Reshaping a Website Through Navigation
While we have rebuilt the CSI website from the ground up, one of the most impactful updates came from focusing on a single, often-overlooked piece: the navigation. It sounds simple, but improving how users move through the site fundamentally reshaped the entire experience. The results spoke for themselves. Navigation usage nearly doubled, and navigation-driven conversions increased by 177 percent.
Our old navigation
Following the Data
We started by digging into the data. Users who interacted with the navigation bounced at significantly lower rates and were far more likely to move through deeper journeys on the site. The problem was clear. Only 7.24 percent of users were engaging with the navigation, and of those users, just 0.67 percent were converting. If navigation was clearly a positive signal, the question became how to get more people to use it and how to make it work harder once they did.

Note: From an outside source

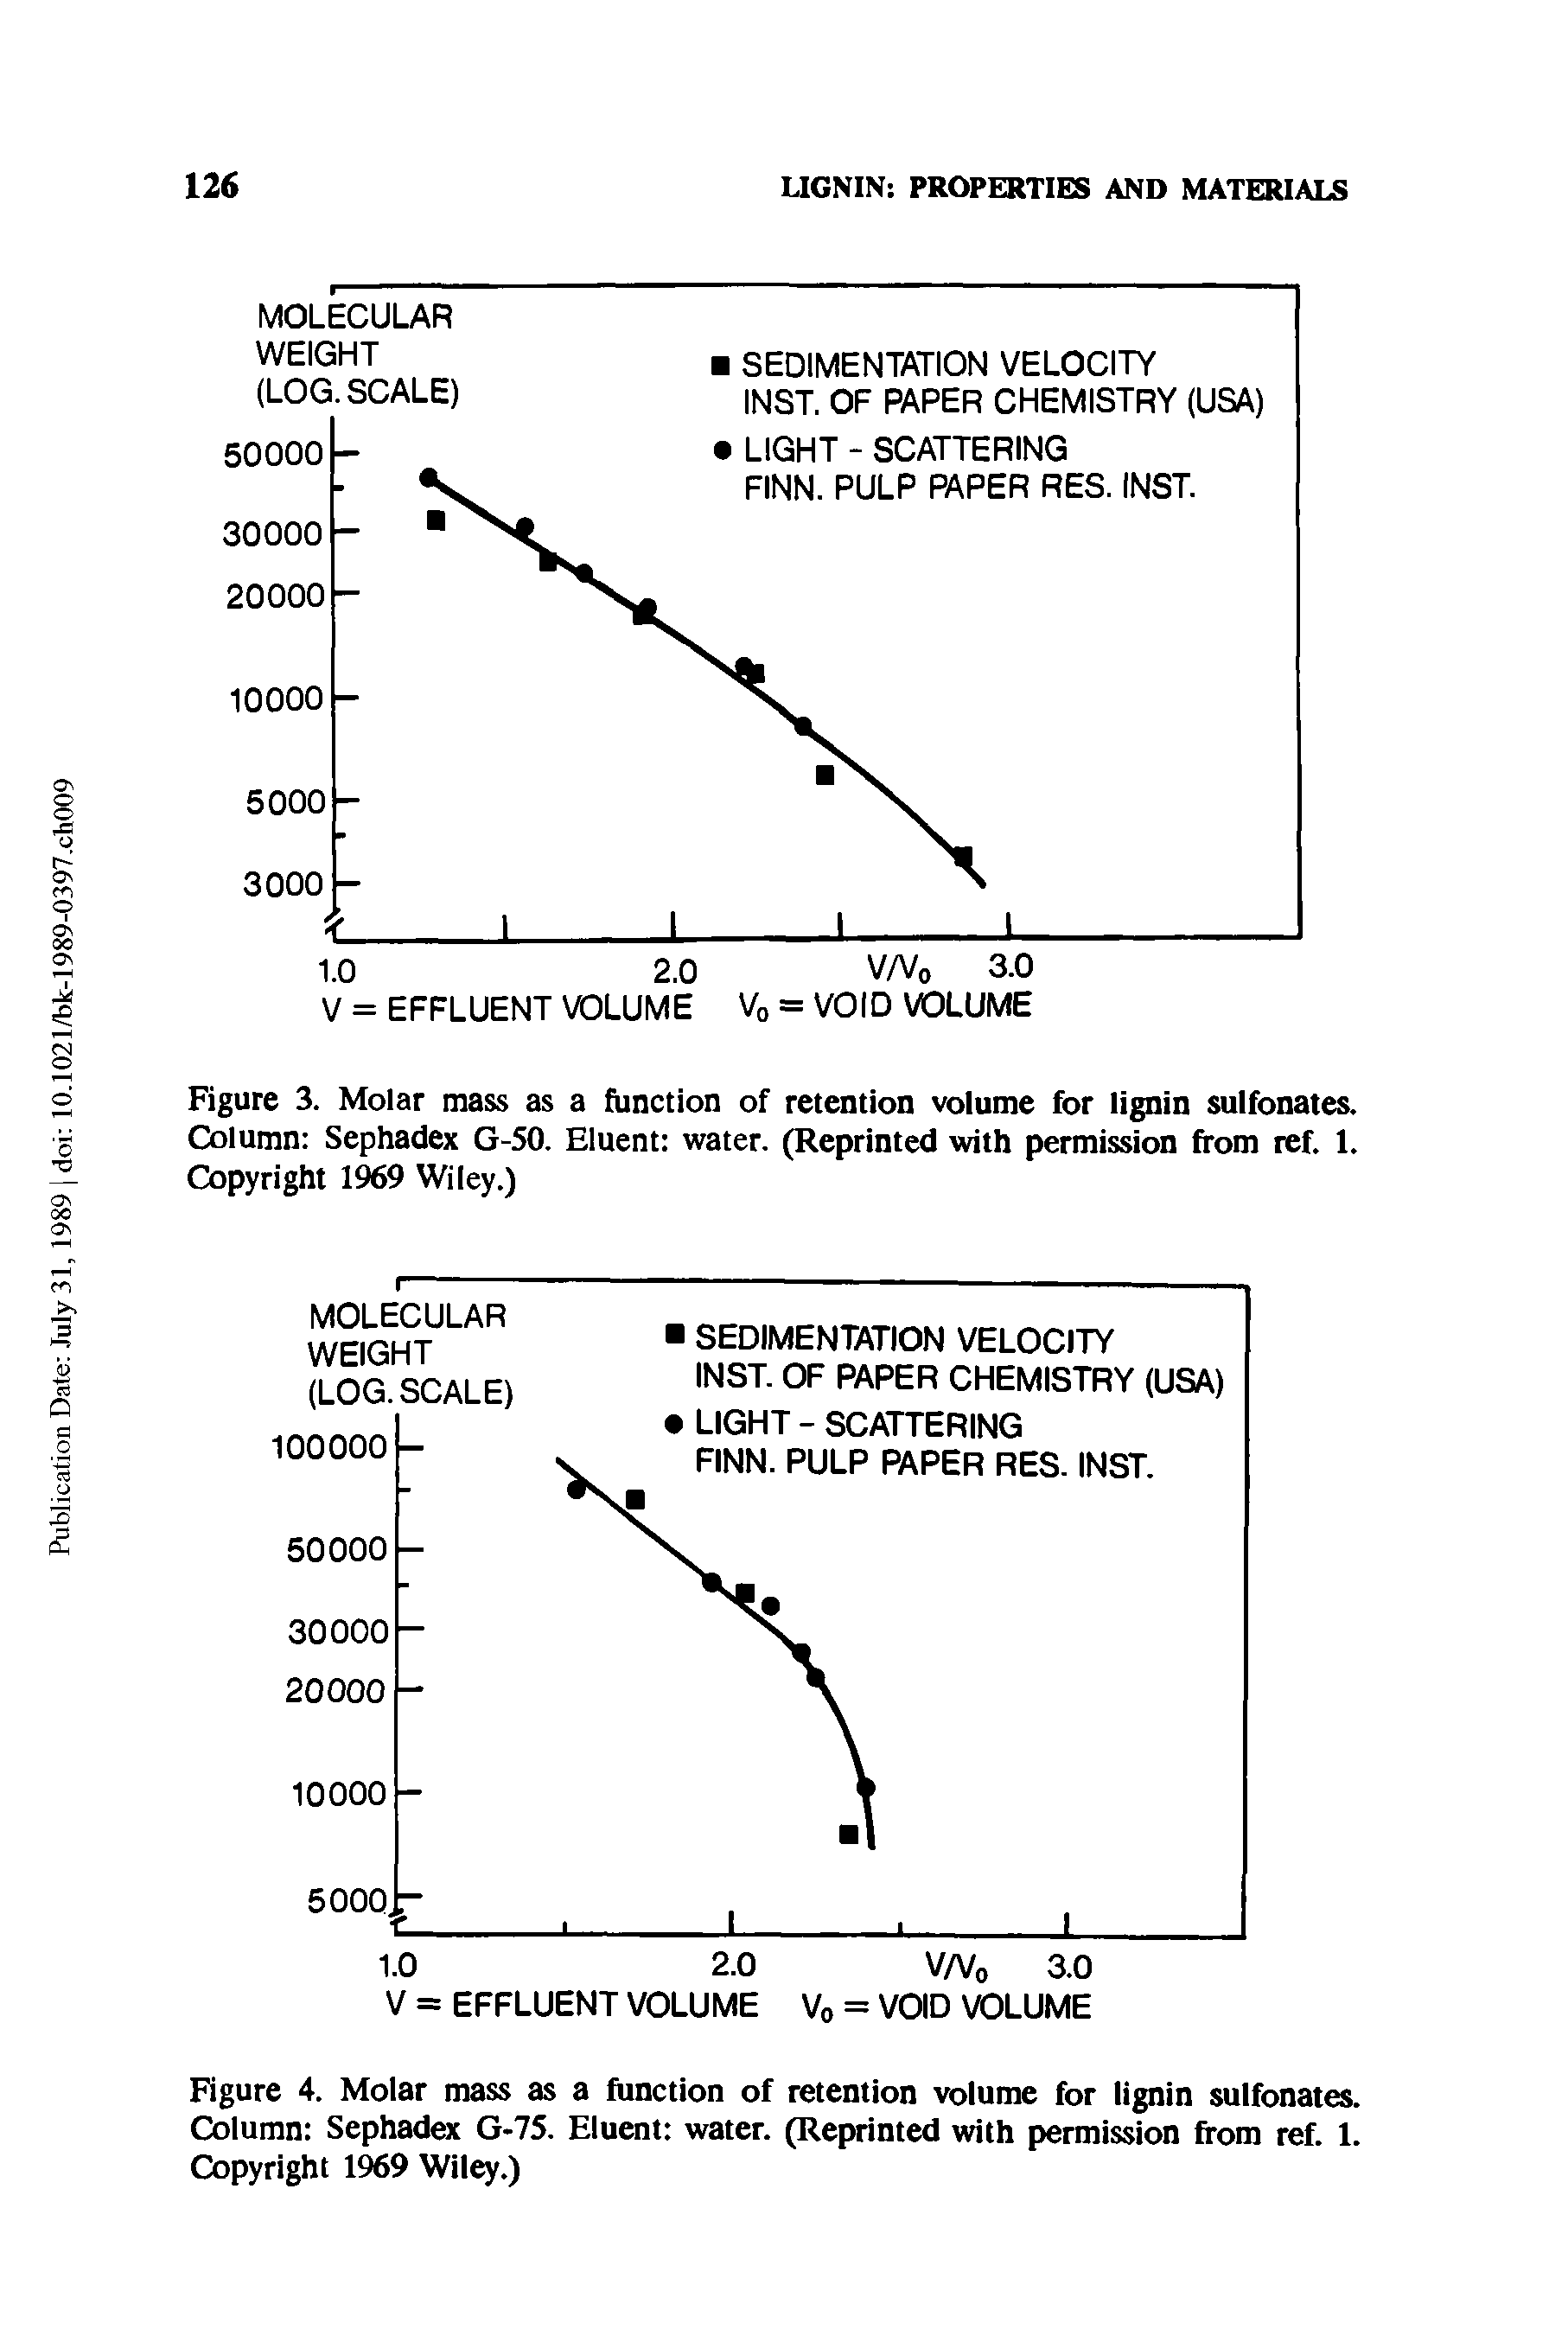 Figure 3. Molar mass as a function of retention volume for lignin sulfonates. Column Sephadex G-50. Eluent water. (Reprinted with permission from ref. 1. Copyright 1969 Wiley.)...

The challenge wasn’t just design. Over time, our navigation had become a reflection of internal requests rather than user needs. Product wanted certain solutions elevated. Product marketing needed flexibility for launches. Communications had announcements to surface. Multiply that by years of growth, and you end up with a lot of pages competing for attention. Wrangling those needs while still creating a clear, intuitive experience is always difficult, but navigation can’t be built around internal org charts. It has to make sense to the person on the other side of the screen.
A Different Approach
We had to account for how people actually use the site across devices, screen sizes, and input types. The previous navigation leaned heavily on a mobile-first hamburger menu with sliding drawers and hover-based interactions. While visually interesting, it hid content, didn’t translate well across devices, and offered no direct path to convert within the navigation itself.
The new navigation shifted to a visible, always-on menu with clear, conversational labels, stronger hierarchy, and more intentional use of space. We added promoted content and a secondary sub-navigation for high-priority links, while also introducing conversion opportunities directly into the nav to reduce friction.
After launch, navigation usage increased from 7.24 percent to 14.2 percent, and navigation user conversion jumped from 0.67 percent to 1.86 percent. It reinforced a simple truth: good design isn’t just about how something looks, but how it works and drives meaningful outcomes.